::: RECORDS TO USE

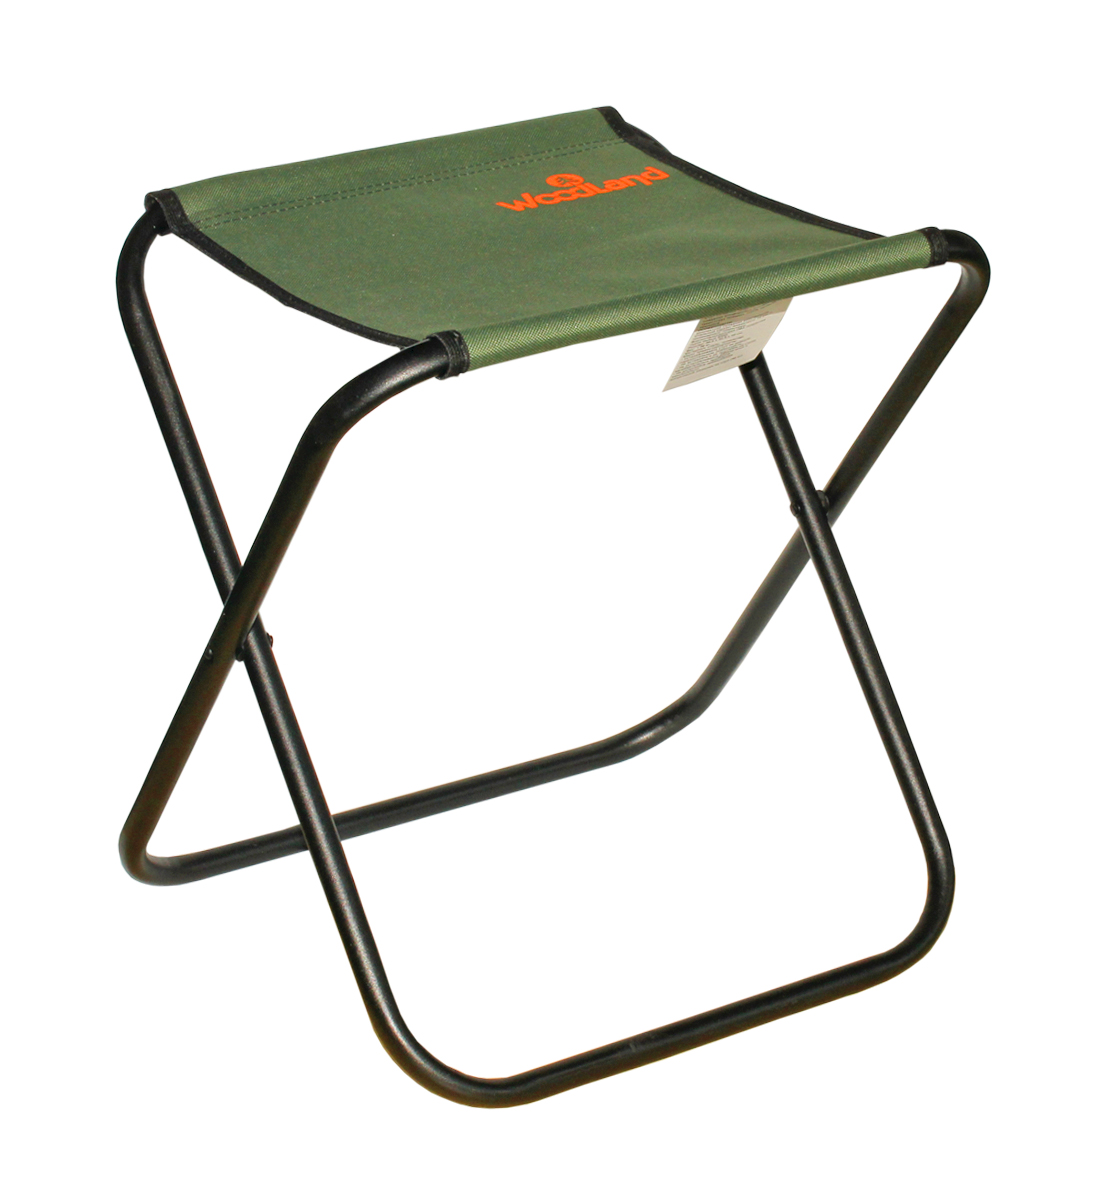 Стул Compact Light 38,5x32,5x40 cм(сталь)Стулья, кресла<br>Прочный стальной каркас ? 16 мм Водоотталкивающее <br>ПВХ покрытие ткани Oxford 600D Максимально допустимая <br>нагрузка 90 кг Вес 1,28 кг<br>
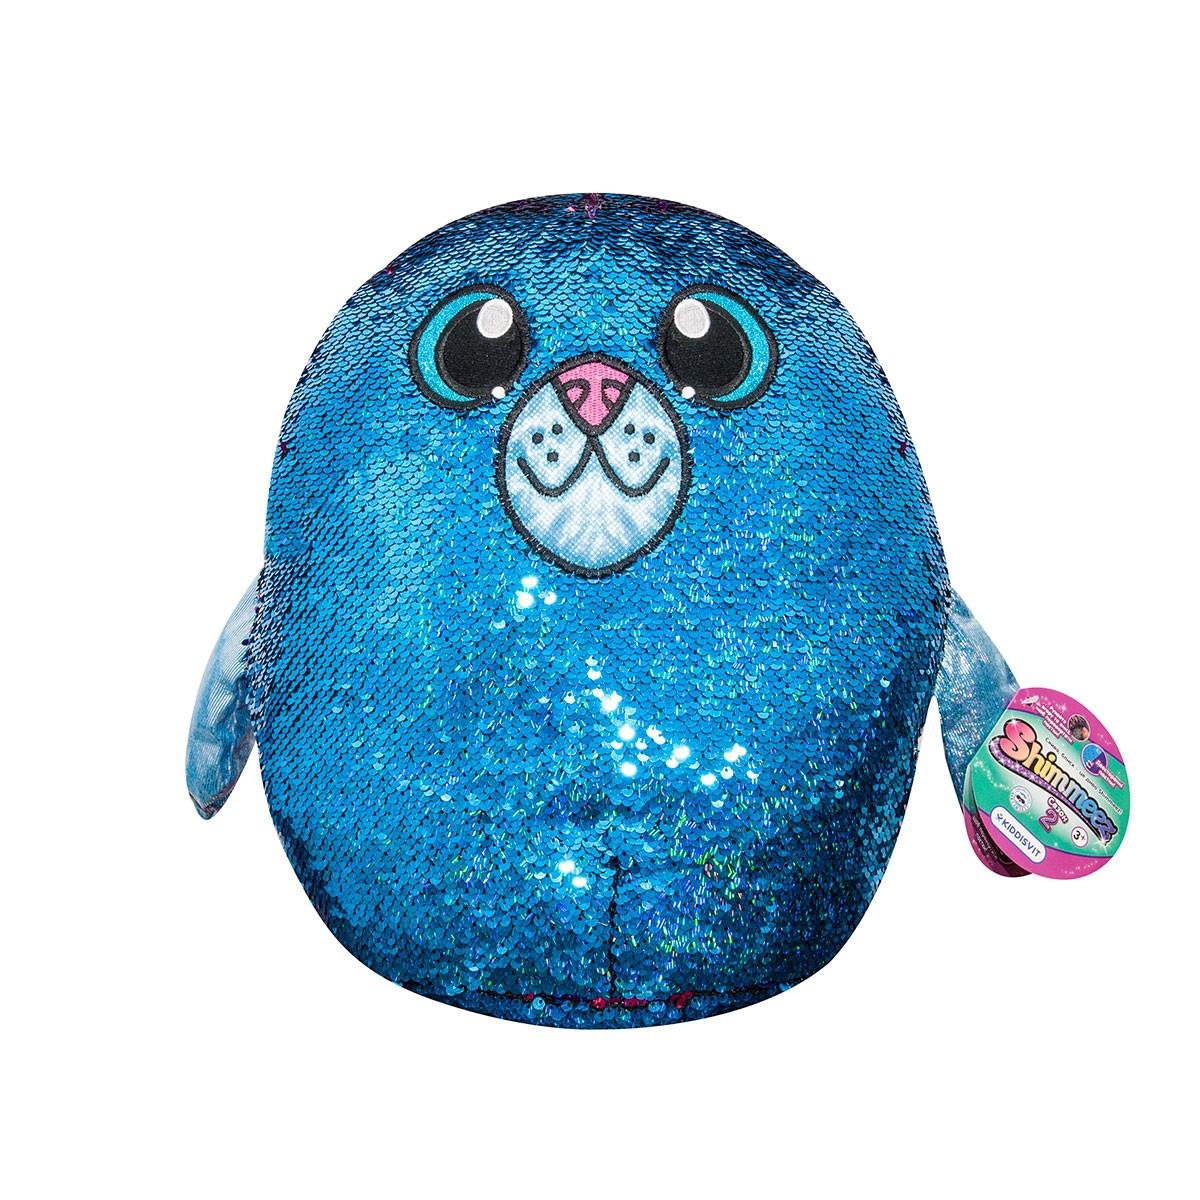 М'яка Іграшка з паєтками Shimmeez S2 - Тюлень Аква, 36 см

::::::
::: RECORDS TO USE

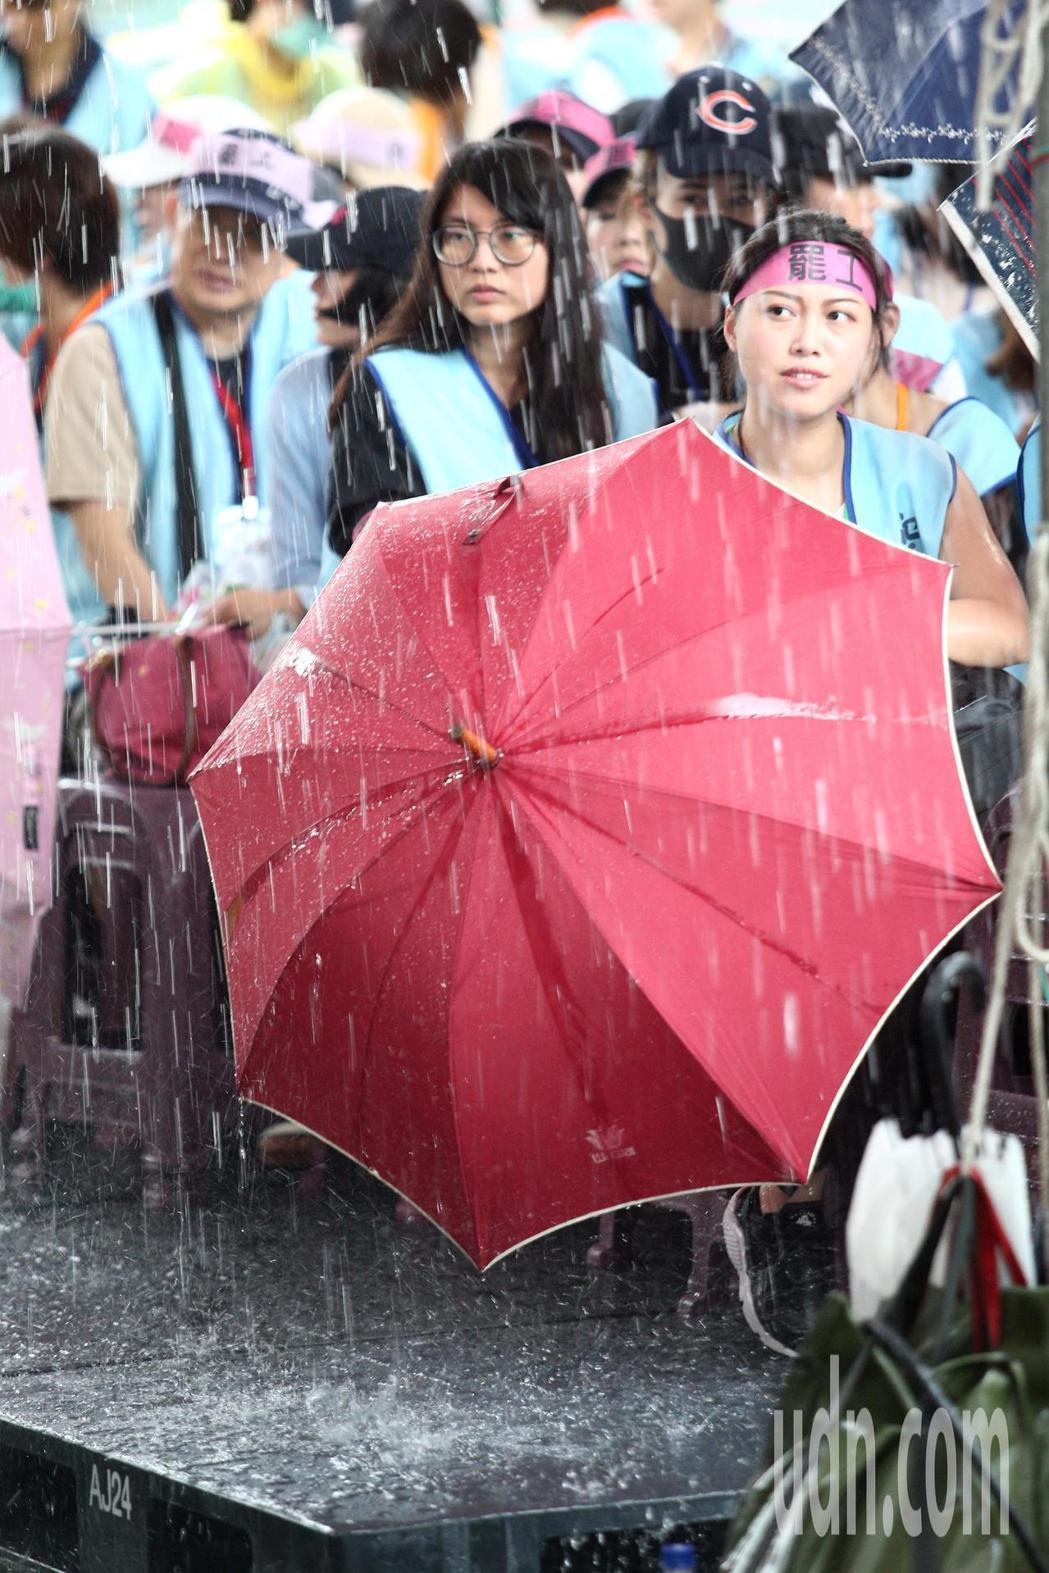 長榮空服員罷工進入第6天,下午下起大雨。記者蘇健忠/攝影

::::::
::: RECORDS TO USE

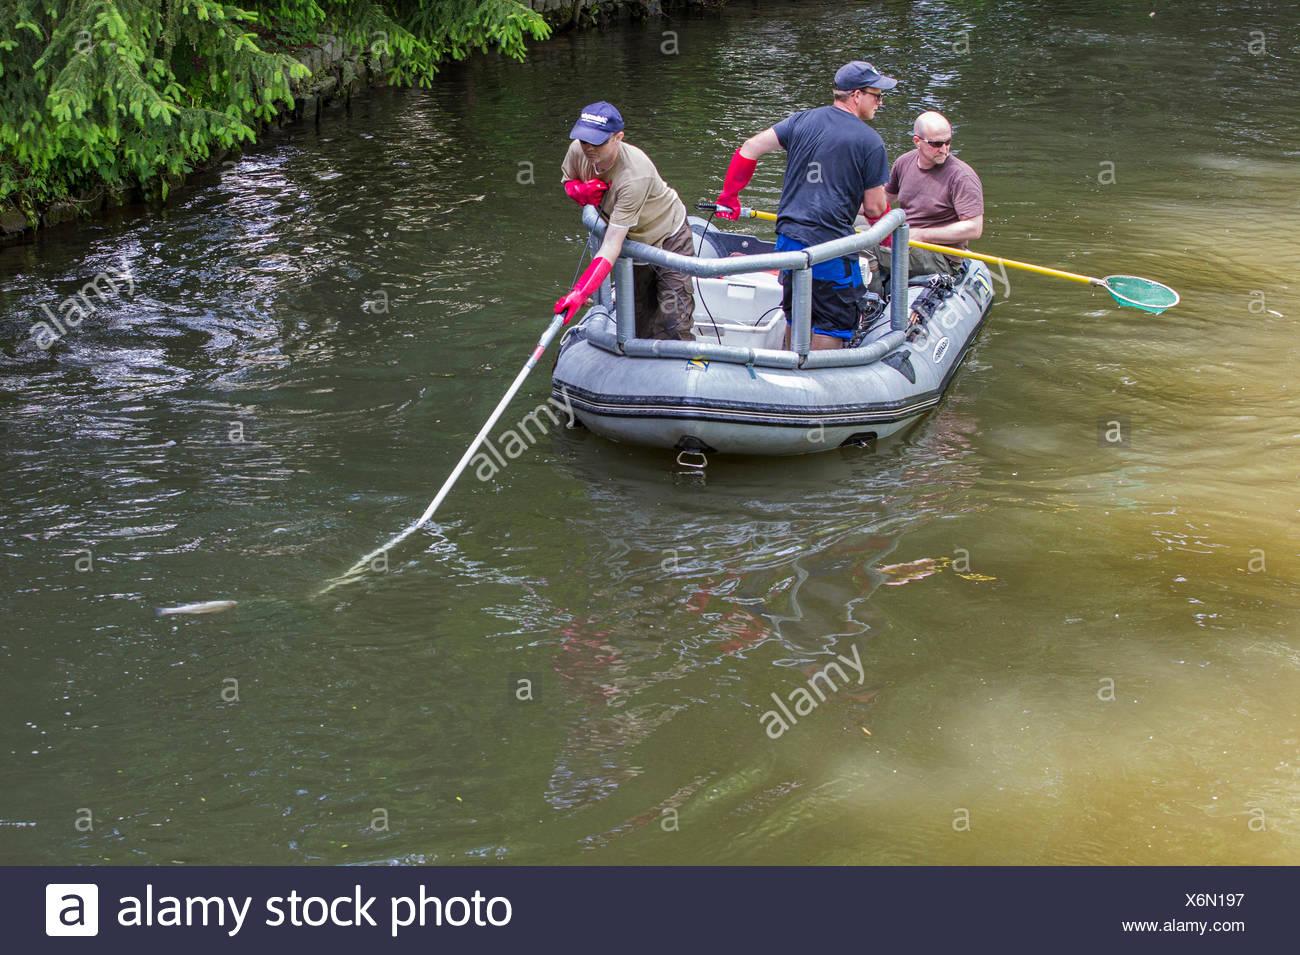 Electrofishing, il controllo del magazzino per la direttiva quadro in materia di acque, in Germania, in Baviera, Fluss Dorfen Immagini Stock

::::::

The answer is the lines above from the one with "Стул Compact Light" to the one with "М'яка Іграшка з", set down exactly, with no pictures.

→ FINISHED EXERCISE
 Стул Compact Light 38,5x32,5x40 cм(сталь)Стулья, кресла<br>Прочный стальной каркас ? 16 мм Водоотталкивающее <br>ПВХ покрытие ткани Oxford 600D Максимально допустимая <br>нагрузка 90 кг Вес 1,28 кг<br>
 М'яка Іграшка з паєтками Shimmeez S2 - Тюлень Аква, 36 см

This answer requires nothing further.